■ Information supplied ■
= = = = =
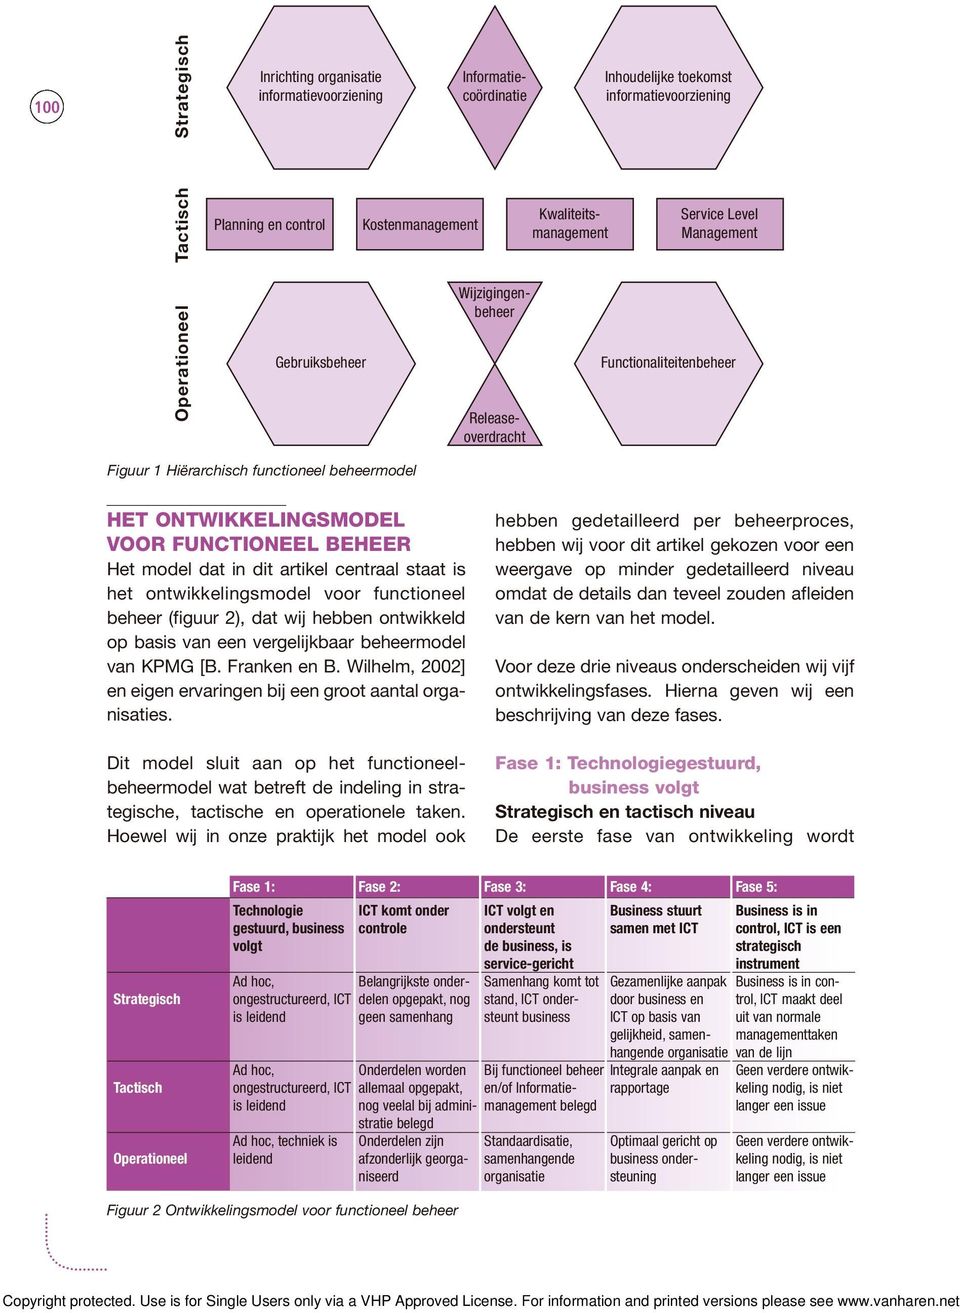 FUNCTIONEEL BEHEER Het model dat in dit artikel centraal staat is het ontwikkelingsmodel voor functioneel beheer (figuur 2), dat wij hebben ontwikkeld op basis van een vergelijkbaar beheermodel van
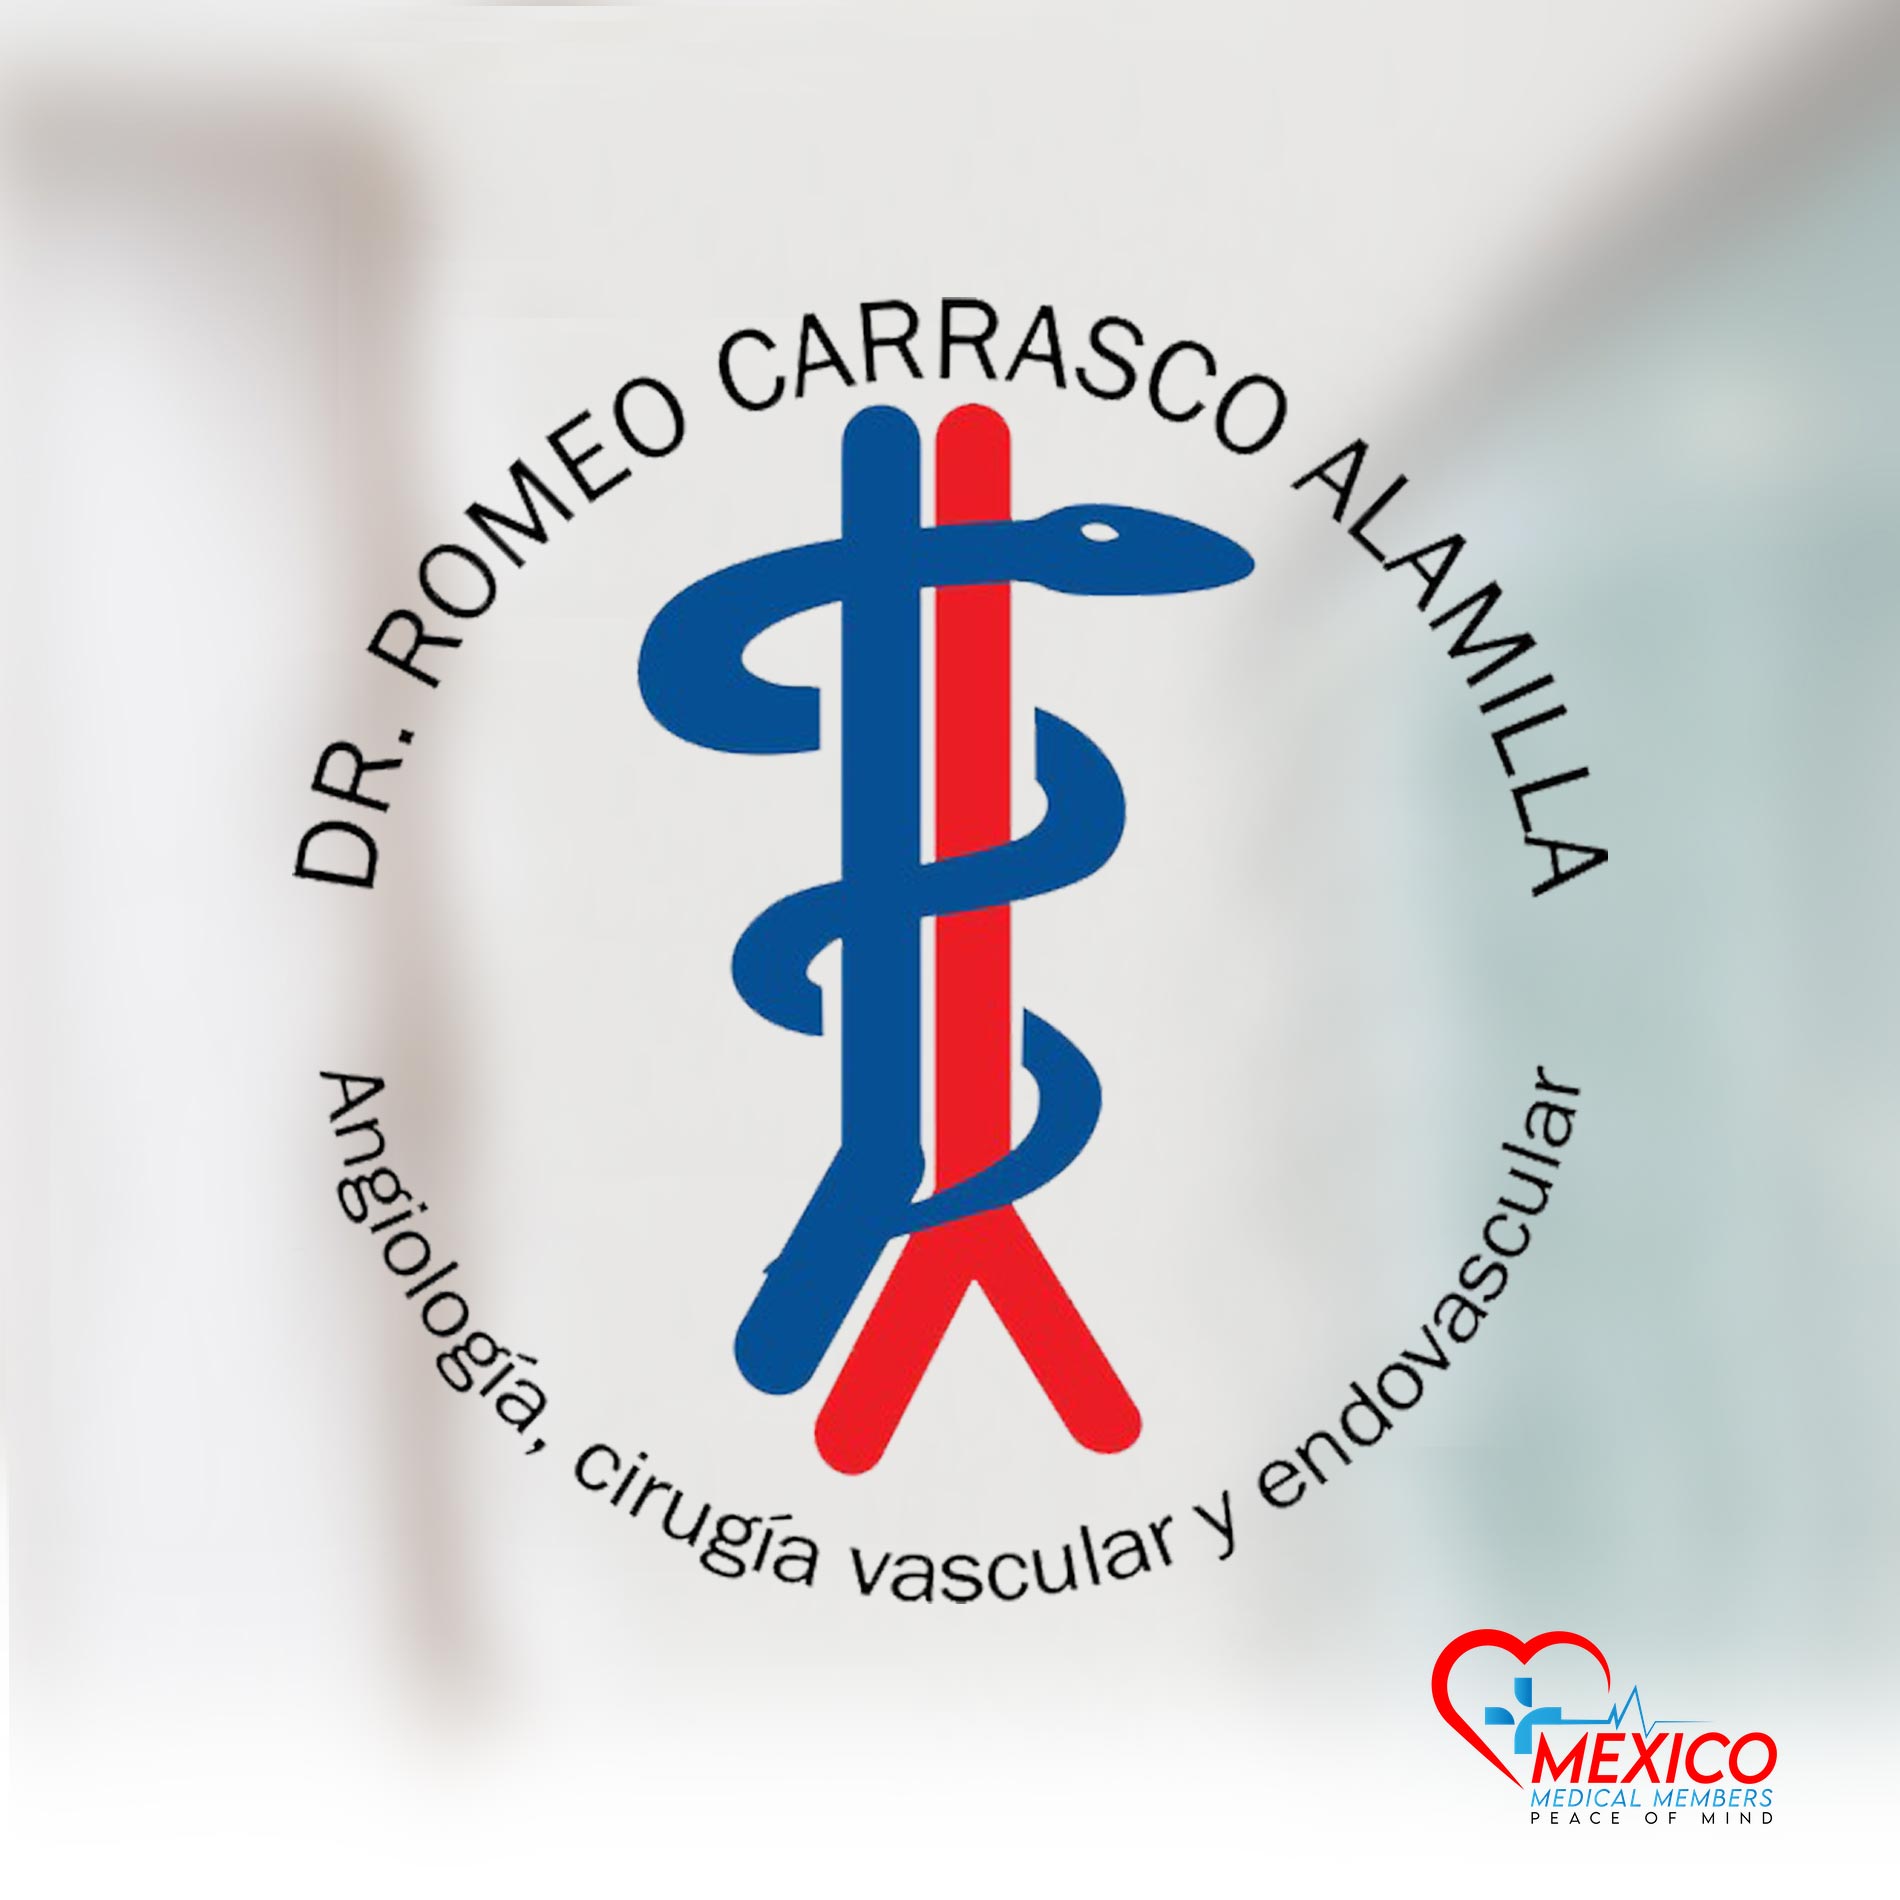 Dr. Romeo Carrasco
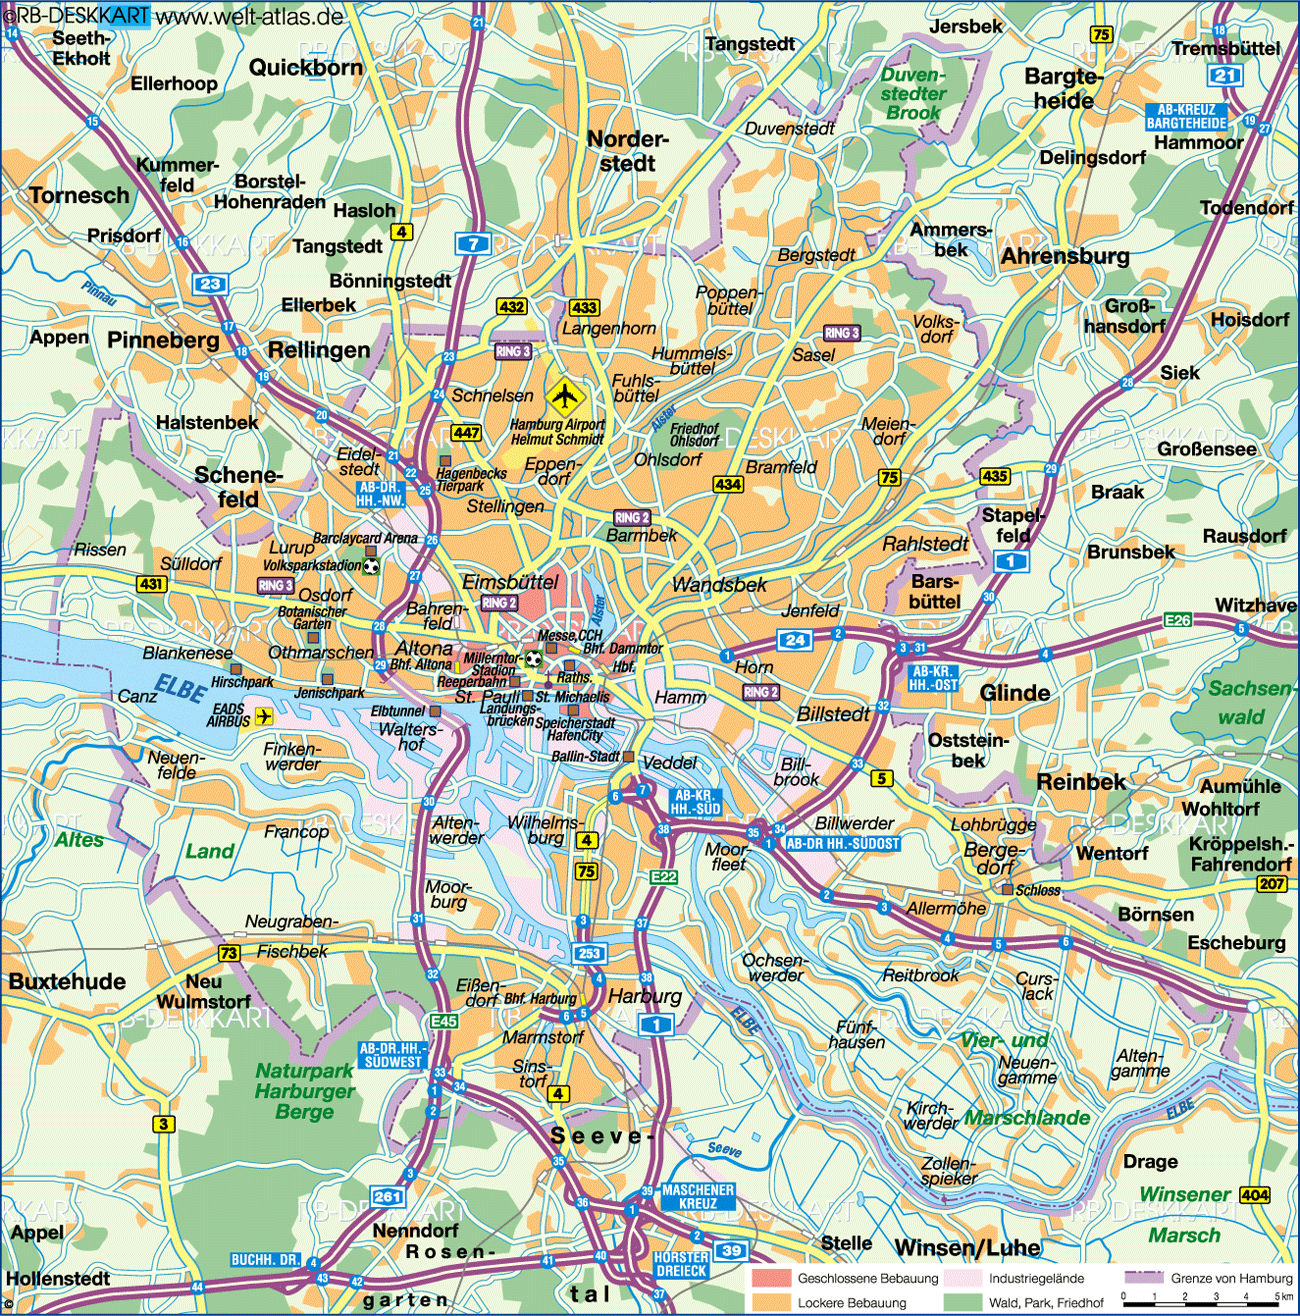  Karte von Hamburg  Stadt in Deutschland  Welt Atlas de
= = = = =
■ Problem requirements ■
The answer is the full listing above, reproduced character for character, minus its images.

■ Answer to this exercise ■
 FUNCTIONEEL BEHEER Het model dat in dit artikel centraal staat is het ontwikkelingsmodel voor functioneel beheer (figuur 2), dat wij hebben ontwikkeld op basis van een vergelijkbaar beheermodel van
 Dr. Romeo Carrasco
  Karte von Hamburg  Stadt in Deutschland  Welt Atlas de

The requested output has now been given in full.